• _Dataset section_:

----

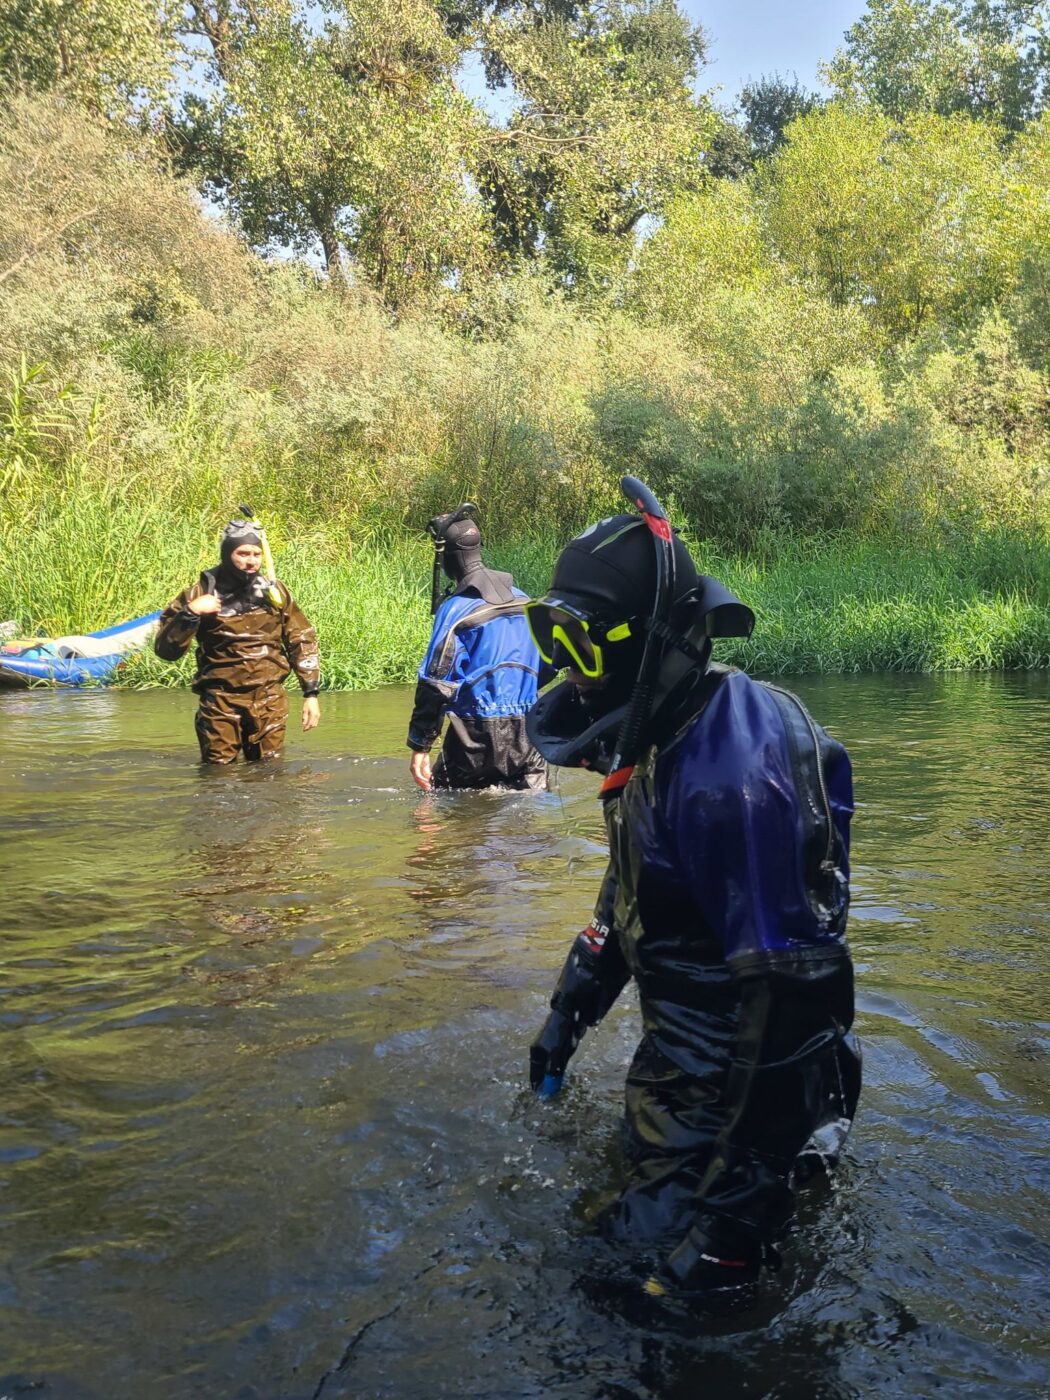 Three people in dry suits with snorkels on are standing in waist deep water surrounded by trees.
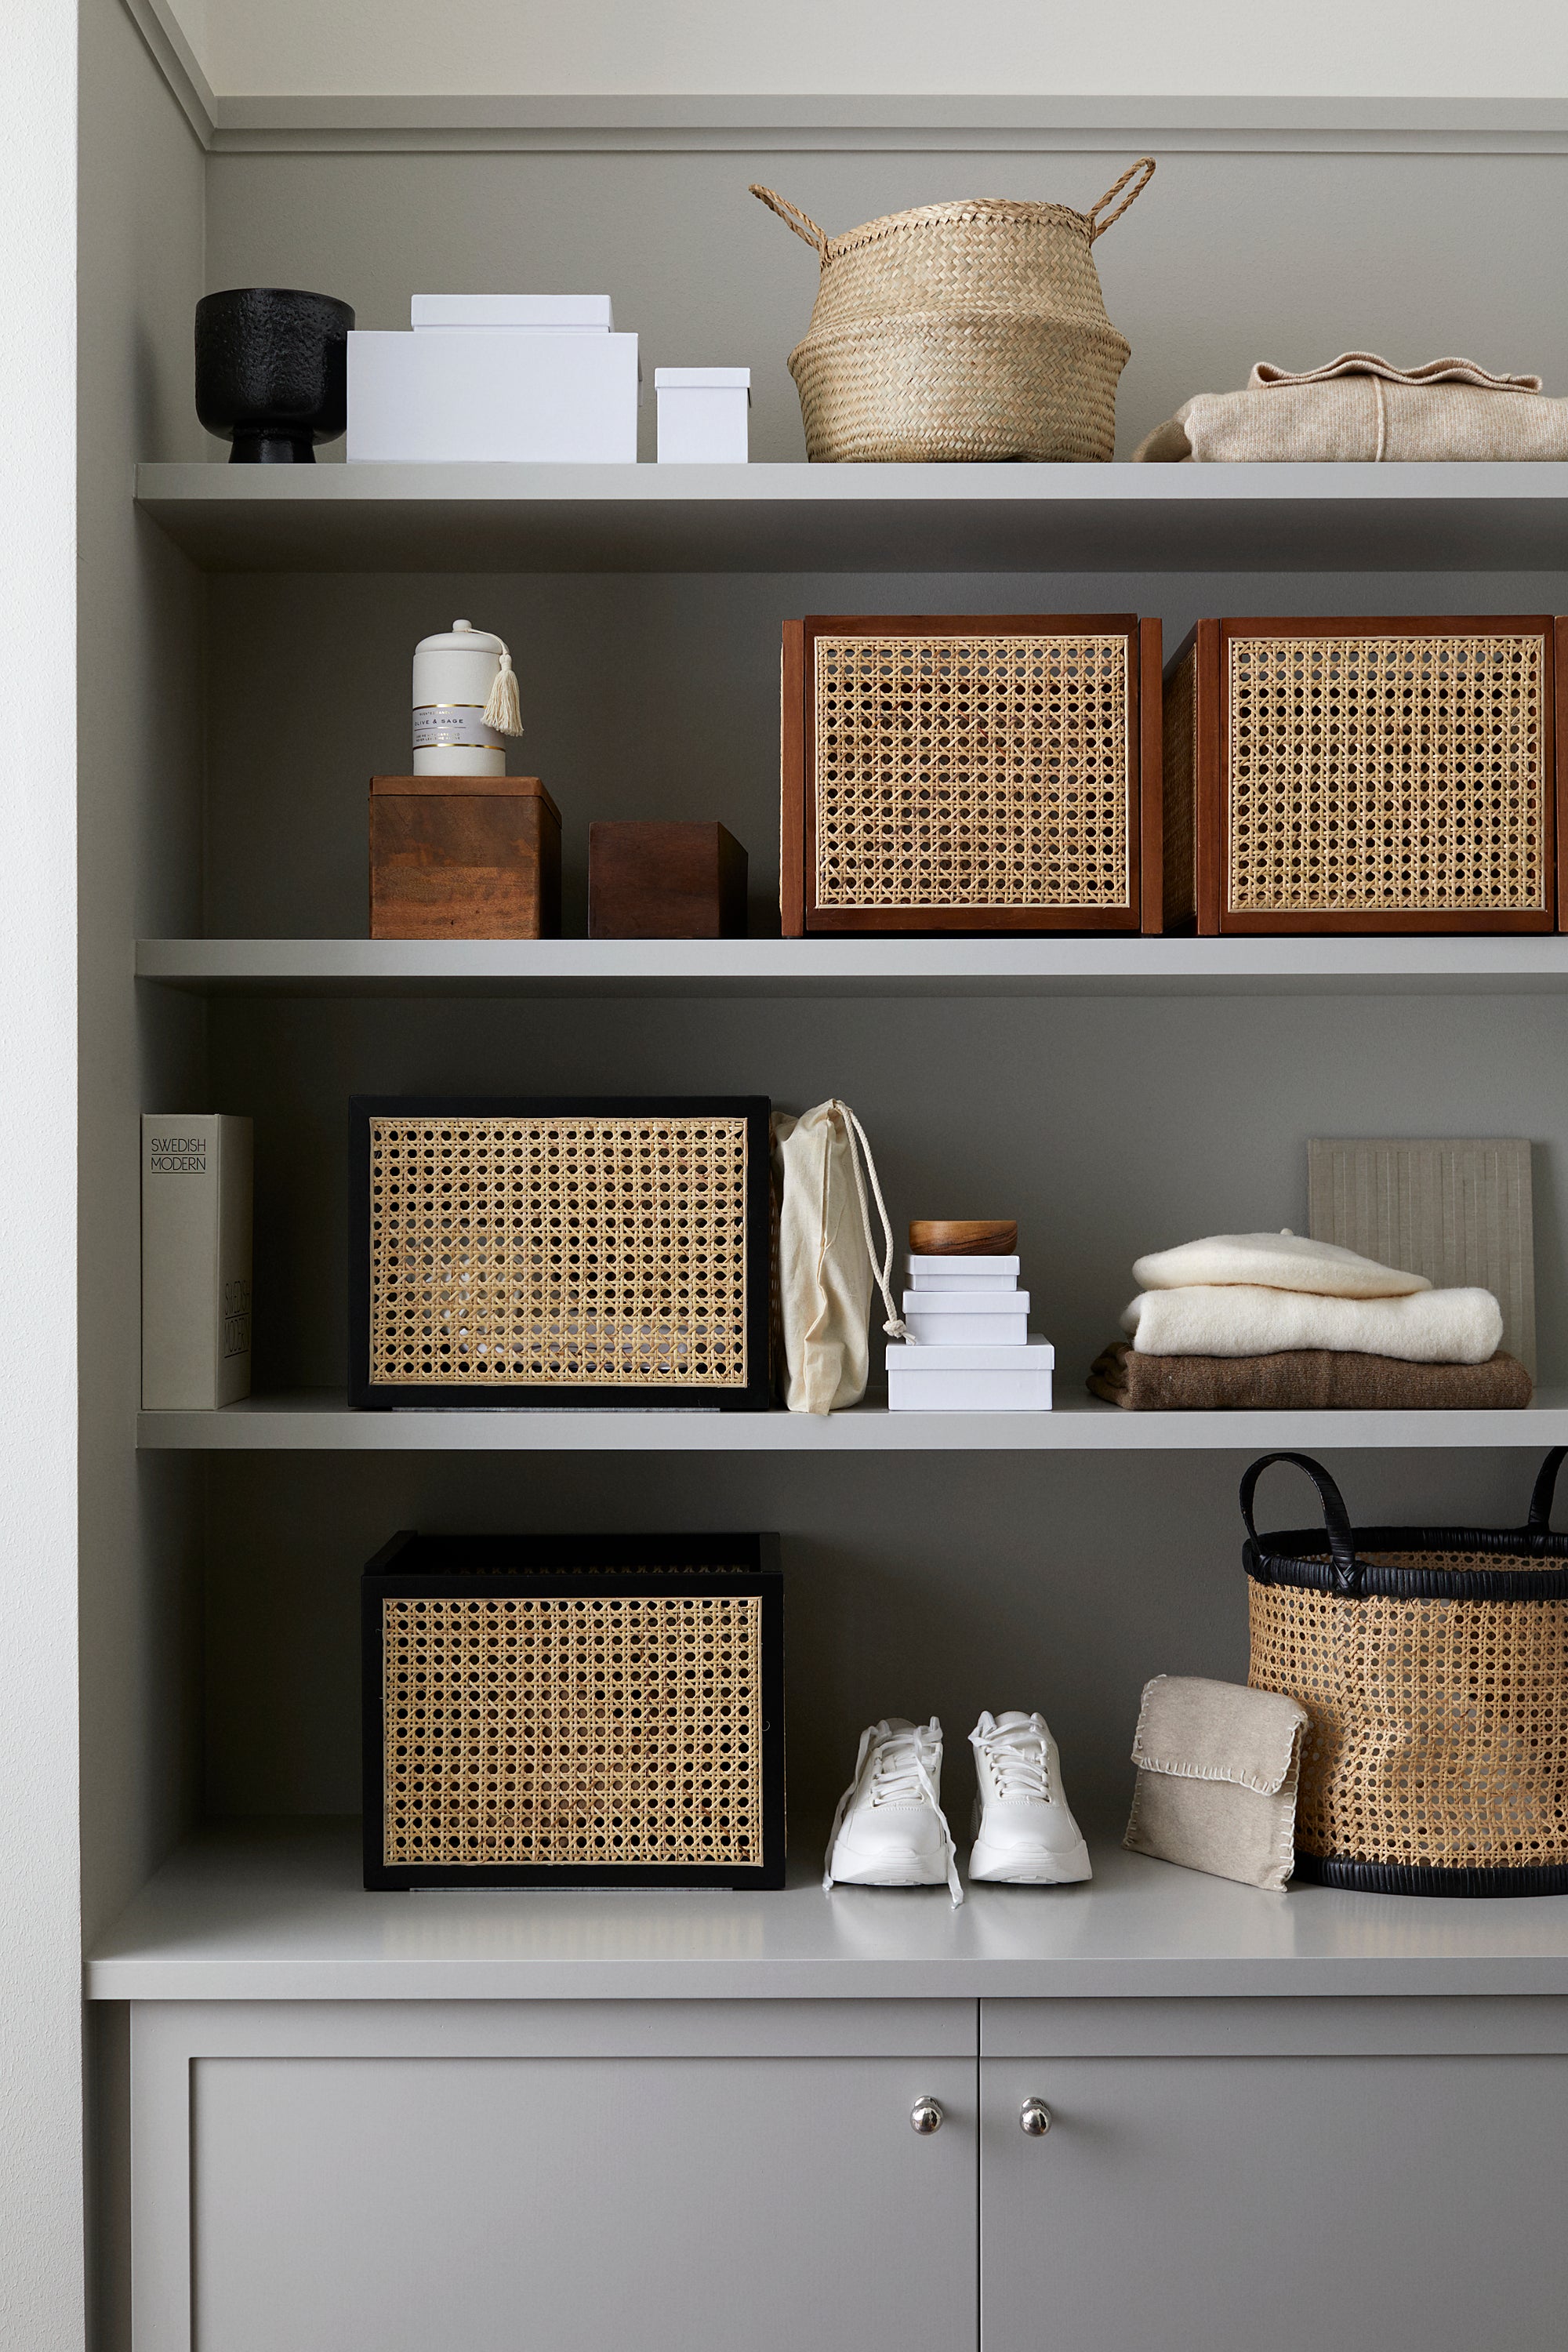 shelves with cane storage baskets
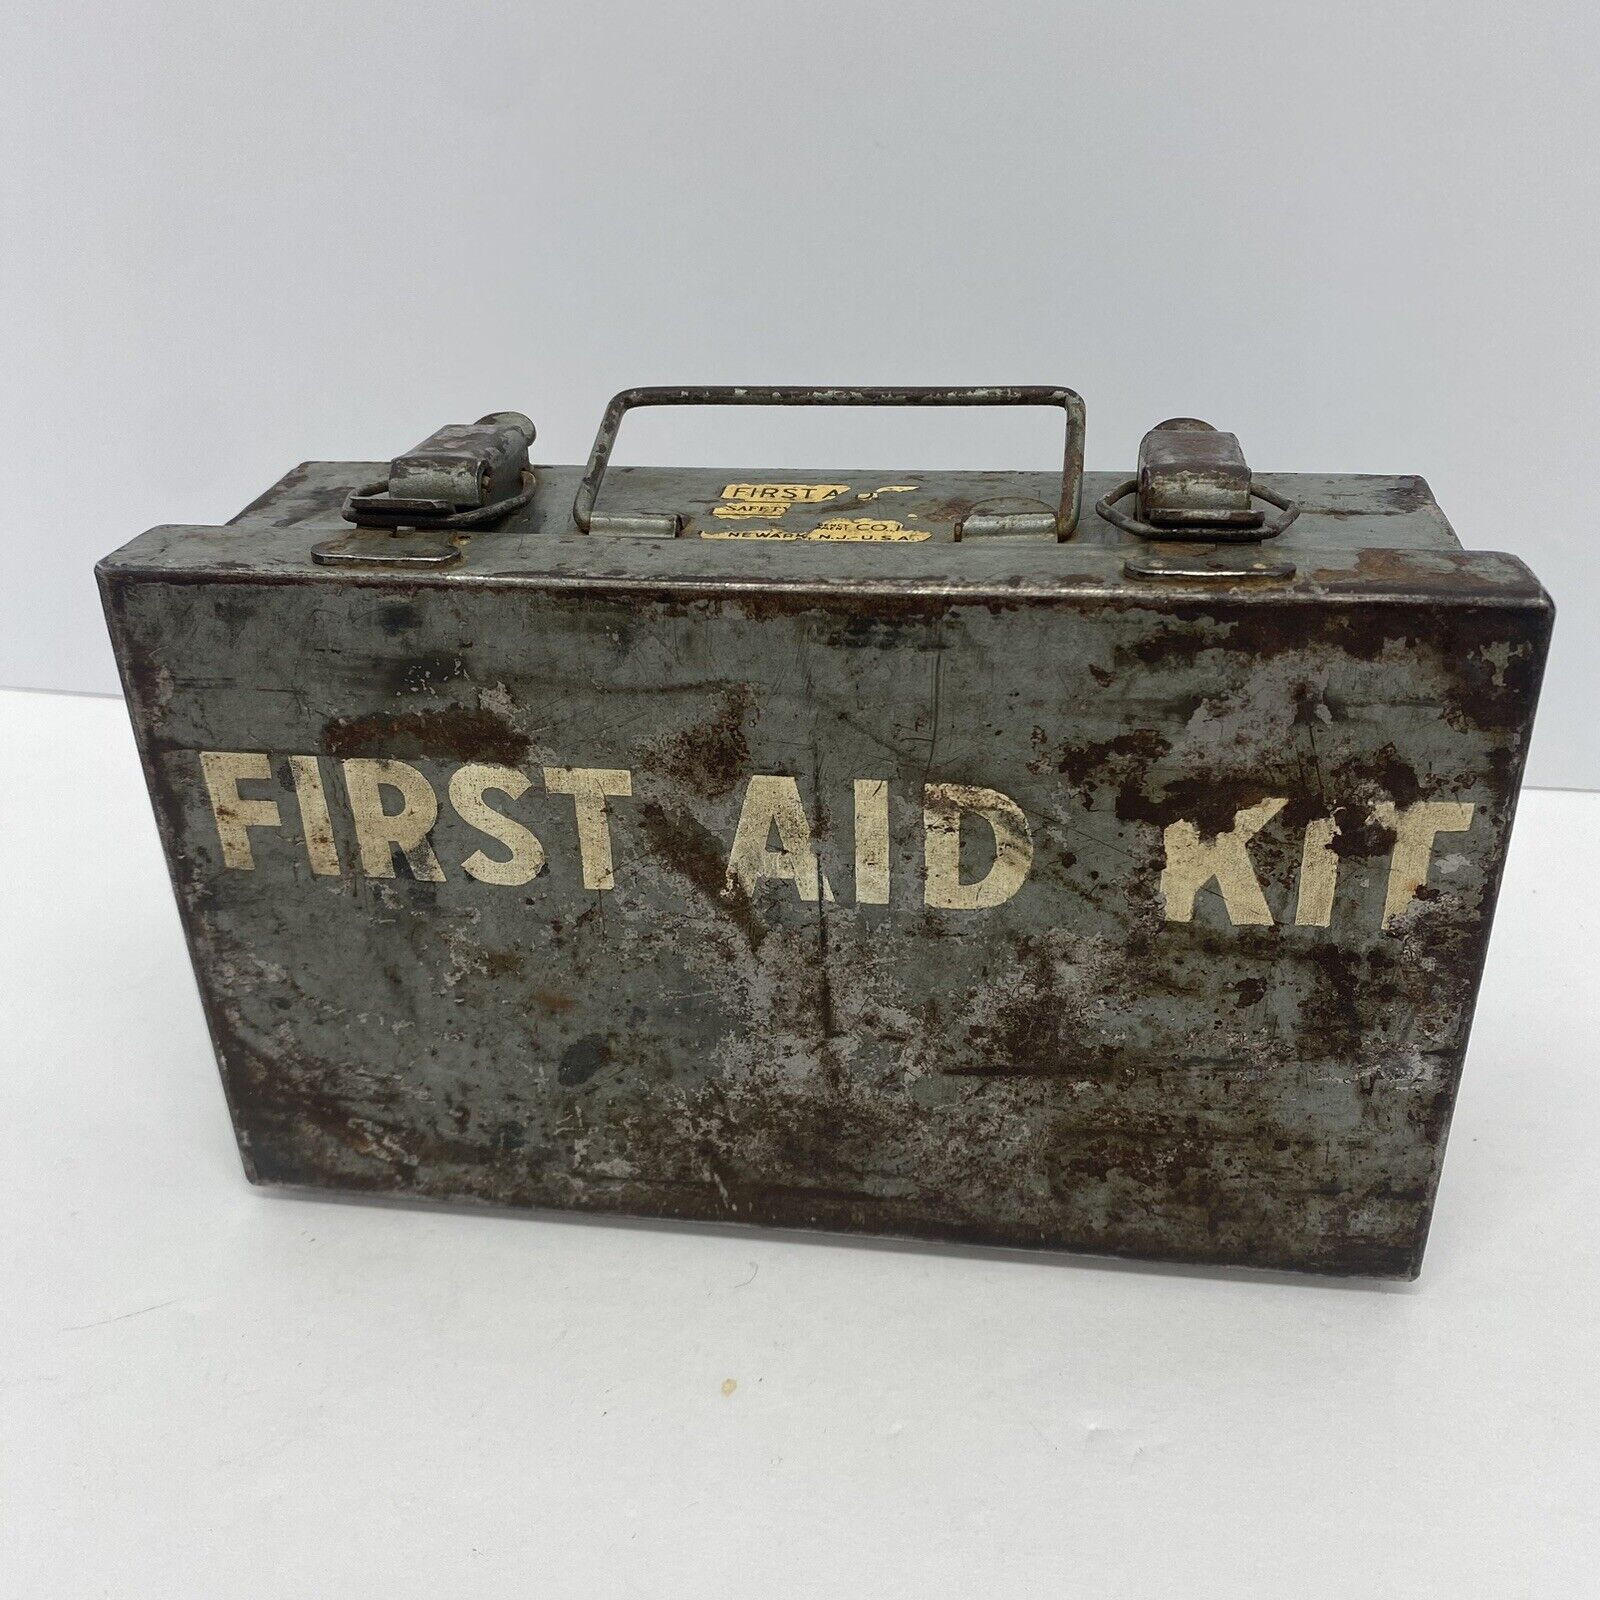 Vintage Army Metal First Aid Kit Davis Co Medical Supply Company & Contents Prop

----

• _Action item_:
Nothing but the pictures may be dropped as you repeat the listing above exactly.

• _Completed task_:
 Three people in dry suits with snorkels on are standing in waist deep water surrounded by trees.
 shelves with cane storage baskets
 Vintage Army Metal First Aid Kit Davis Co Medical Supply Company & Contents Prop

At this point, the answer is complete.